The good news is, that even the most fabulous P3 will not easily come up with $400 million. What the BBJ brought to light has not been publicly vetted and apparently not even brought up to the attention of our Mayor. Since the article states that the State has no intention of funding the project and expects the City to come up with a solution for the cost, it can be predicted that the courts won't move in a hurry. Maybe they shouldn't move for good at all, and the currently empty MetroWest would be simply a temporary place where certain functions could be relocated while the historic buildings get fixed up, resolving the vexing problem of how comprehensive work could be performed inside an already crowded facility while it remains in full operation. Or one would go back to the thoughts of the 2011 study.
Metro West as seen from the southeast (Saratoga Street in foreground left)

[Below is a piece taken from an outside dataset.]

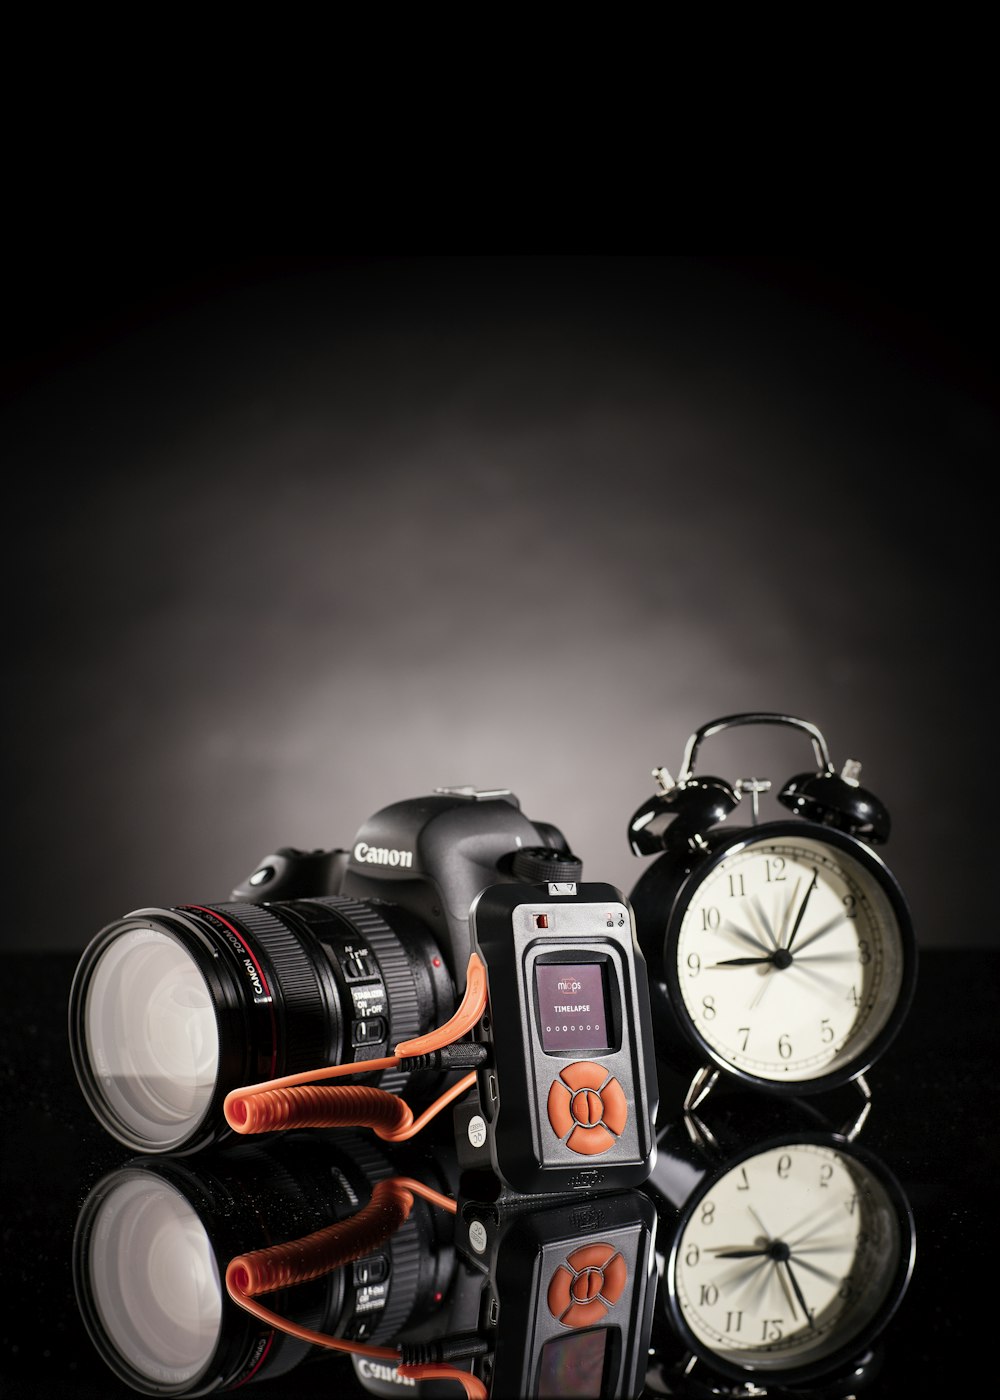 黒いツインベル目覚まし時計の横にあるキヤノンデジタル一眼レフカメラの写真
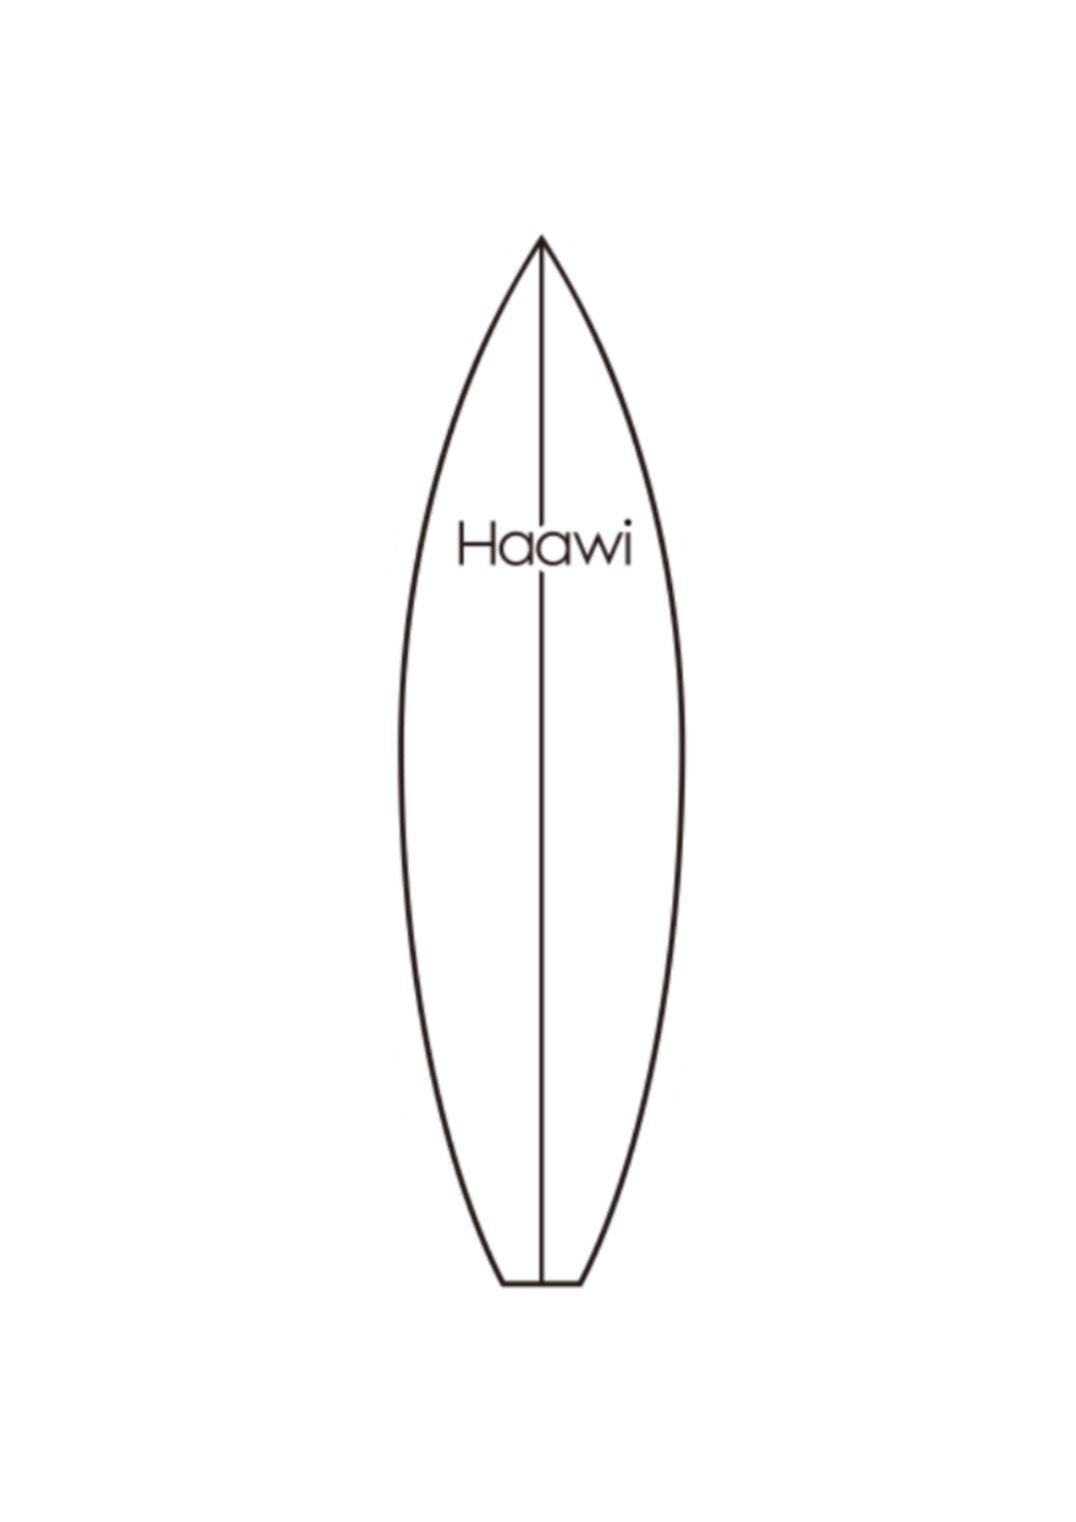 Surf board sticker

Suggesting that Baltimore's main court complex should move for good is like the Catholic church relocating its headquarters from the Vatican to a newer, more modern part of Rome. Or housing the President in a new private residence with a lease-back option because the White House was built without HVAC and hard to adjust to the modern building codes and security concerns.

Klaus Philipsen, FAIA

A vision is needed for Metro West

1 comment:

  1. As a historian of the city court, I would add that the city court has been sited here since the 18th century. This is the third courthouse. To relocate the courthouse, is a bigger change than erasing the bursts of the Mitchell courthouse.